I launched the recipe wikihow_es_maxi on my own machine with 4 secs delays but I got rate limited again. I will relaunch it in the zimfarm with 8 secs delays (only API delay for now, this is where the rate limiting occurs looking at some tasks).

benoit74 commented 9 months ago

https://farm.openzim.org/pipeline/d12b352d-0498-47f1-904f-977562caaf0a is running with this 8 secs delay at the API level and "usual" 2 secs delay at the web crawler.

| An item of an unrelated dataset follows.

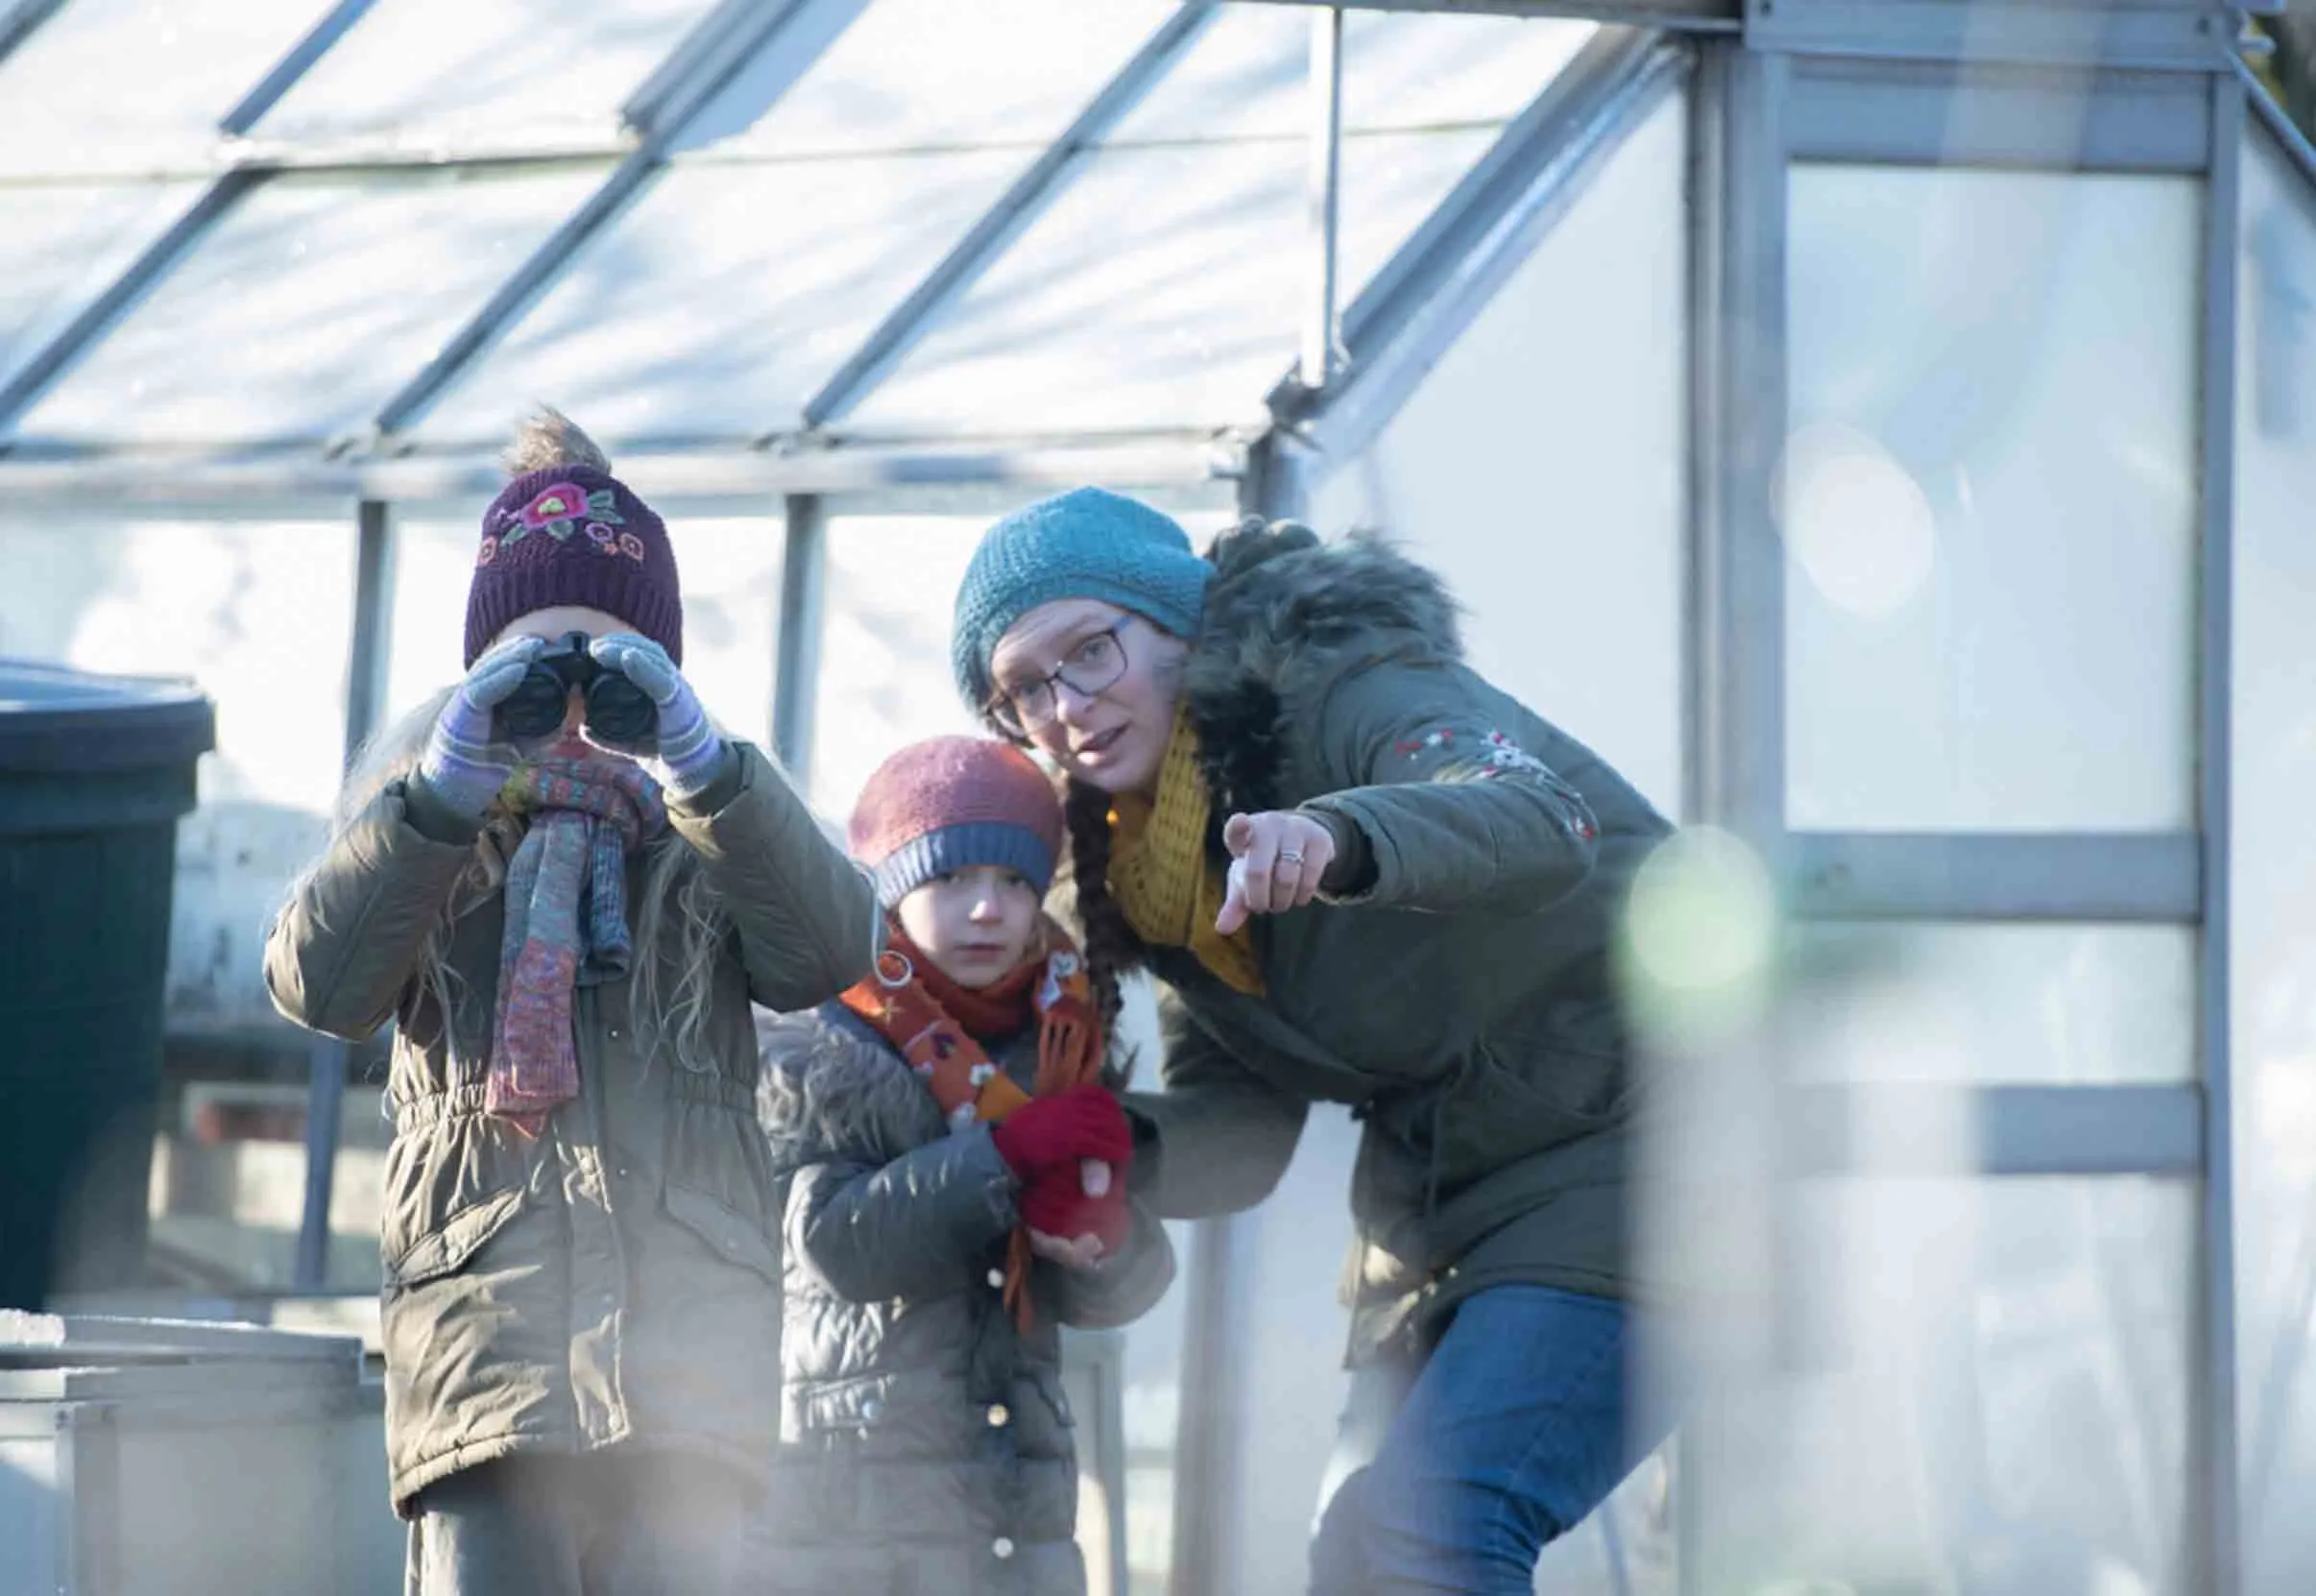 An adult and two children wearing warm winter clothing in front of a frosty greenhouse, one child is looking through binoculars and the other is looking to where the adult is pointing.

rgaudin commented 9 months ago

WikiHow uses the Platform features which sets conditions on concurrent tasks:

PLATFORM_wikihow_MAX_TASKS_PER_WORKER: "1"
PLATFORM_wikihow_MAX_TASKS_TOTAL: "1"
benoit74 commented 9 months ago

Task for wikihow_es is progressing normally, so:

I've updated all other tasks with this same 8 secs setting and re-enabled all of them. This 8 secs delay is huge but not very significant in term of task duration because most of it is spent in the web crawling part (even with the 8 secs delay).

Any remark or may I close the ticket?

Popolechien commented 9 months ago

They never got back to me, so I guess we can close the ticket, yes.